Spring Sale Limited Time Flat 70% Discount offer - Ends in 0d 00h 00m 00s - Coupon code: 70spcl

Databricks Databricks-Generative-AI-Engineer-Associate Databricks Certified Generative AI Engineer Associate Exam Practice Test

Databricks Certified Generative AI Engineer Associate Questions and Answers

Question 1

A Generative Al Engineer is creating an LLM system that will retrieve news articles from the year 1918 and related to a user's query and summarize them. The engineer has noticed that the summaries are generated well but often also include an explanation of how the summary was generated, which is undesirable.

Which change could the Generative Al Engineer perform to mitigate this issue?

Options:

A.

Split the LLM output by newline characters to truncate away the summarization explanation.

B.

Tune the chunk size of news articles or experiment with different embedding models.

C.

Revisit their document ingestion logic, ensuring that the news articles are being ingested properly.

D.

Provide few shot examples of desired output format to the system and/or user prompt.

Question 2

A small and cost-conscious startup in the cancer research field wants to build a RAG application using Foundation Model APIs.
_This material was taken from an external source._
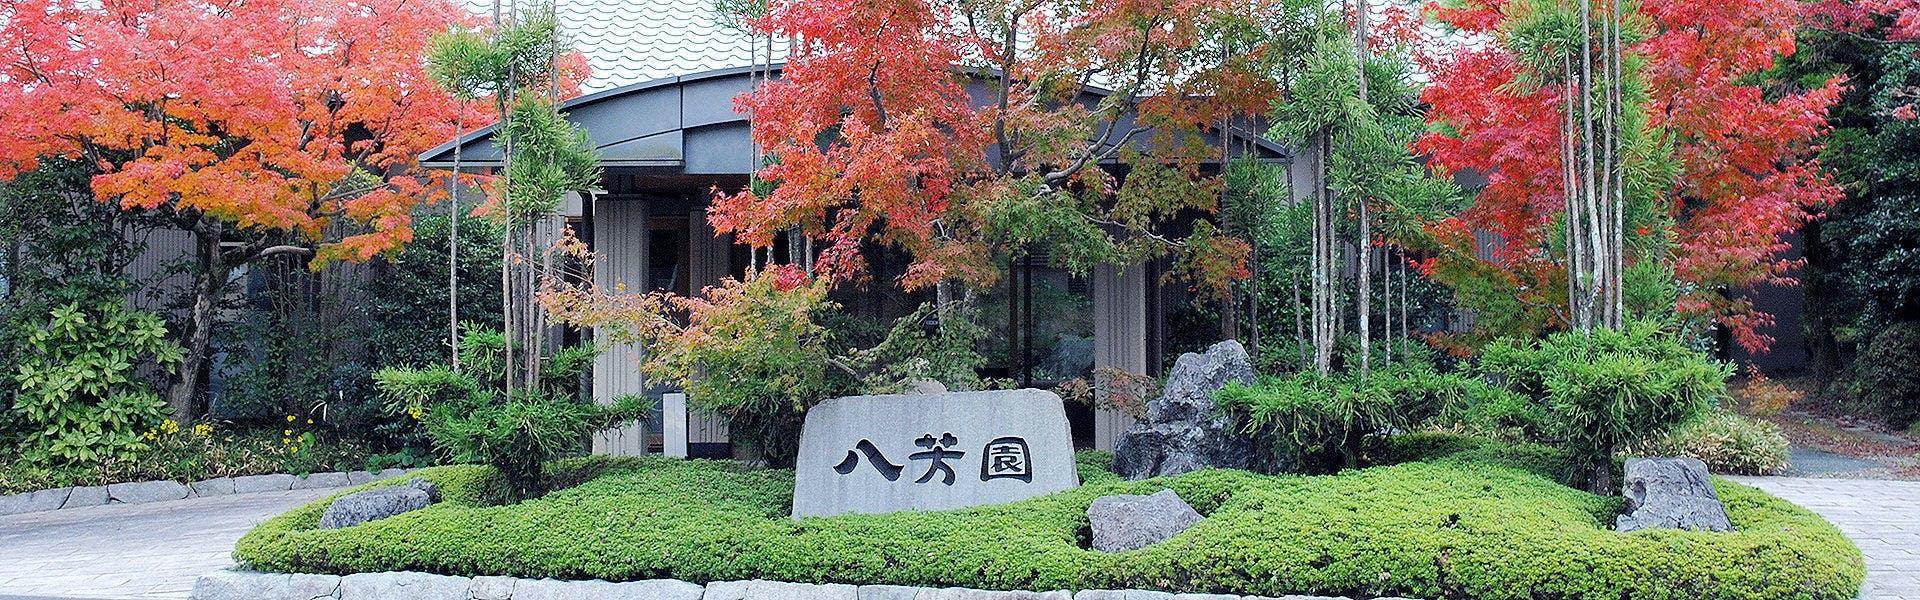 記念日におすすめのホテル・山もみじの宿 八芳園の写真2

Which strategy would allow the startup to build a good-quality RAG application while being cost-conscious and able to cater to customer needs?

Options:

A.

Limit the number of relevant documents available for the RAG application to retrieve from

B.

Pick a smaller LLM that is domain-specific

C.

Limit the number of queries a customer can send per day

D.

Use the largest LLM possible because that gives the best performance for any general queries

Question 3

A Generative AI Engineer wants to build an LLM-based solution to help a restaurant improve its online customer experience with bookings by automatically handling common customer inquiries. The goal of the solution is to minimize escalations to human intervention and phone calls while maintaining a personalized interaction. To design the solution, the Generative AI Engineer needs to define the input data to the LLM and the task it should perform.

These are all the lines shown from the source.